Preheat Oven to 450. Chop and mix vegetables into large bowl, set aside. Whisk vinegar, olive oil, and spices and pour over vegetables. Toss mixture with hands to coat. Spread vegetables onto baking sheet covered in tin foil. Cook for 20 minutes, turn vegetables and cook for additional 15-20 minutes. Serve alone or with rice. 

Ginger

With over two thousand years of use in China, ginger is an important component of Ayurvedic medicine. Its ability to aid in digestive issues has brought popularity to our modern use of ginger-ale, although the benefits of soda to ease a hurting belly are questionable.
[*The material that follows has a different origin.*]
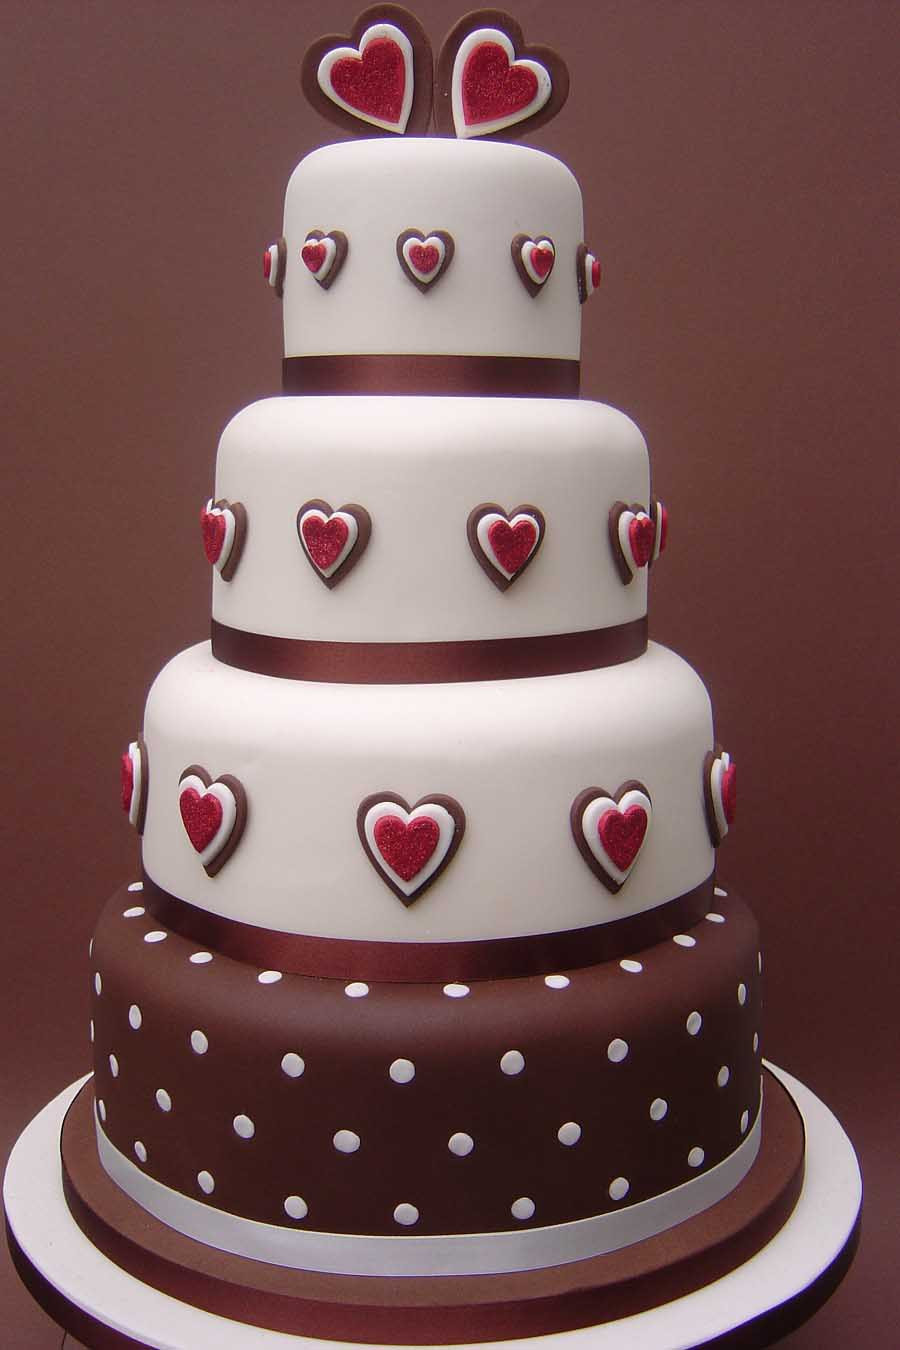 Wedding Cakes Designs the Best Ideas for Latest Wedding Cake Designs Starsricha

Ginger, in root form or as a powder, is a wonderful warming spice that ads flavor to a variety of dishes and also reduces chronic inflammation.

Ginger Chai for two:

Boil 2.5 cups almond milk 

Mix in 1 tbs raw honey, ¼ tsp ginger, ½ tsp ground cloves, and ½ tsp cinnamon

Sip, relax, and enjoy on a cool summer night

Cinnamon

What’s more reminiscent of a quintessential fall day than the sight of multi-colored trees and the faint scent of apples and cinnamon? Cinnamon, harvested from the bark of a tree, is not only one of the most popular baking spices, but is extremely beneficial for long term health.  It helps to manage blood sugar, promotes hormone balance, prevents candida overgrowth, assists in preventing certain types of cancer, and is a natural disinfectant and food preservative.

Guilt-free late summer treat

10 pitted dates 

¼ cup almonds

¼ cup almond milk

1 ½ macintosh apples

½ tbs cinnamon 

Blend or process ingredients until well mixed, roll into 1 inch balls, refrigerate for 4 hours, drizzle with warm maple syrup and welcome the fall!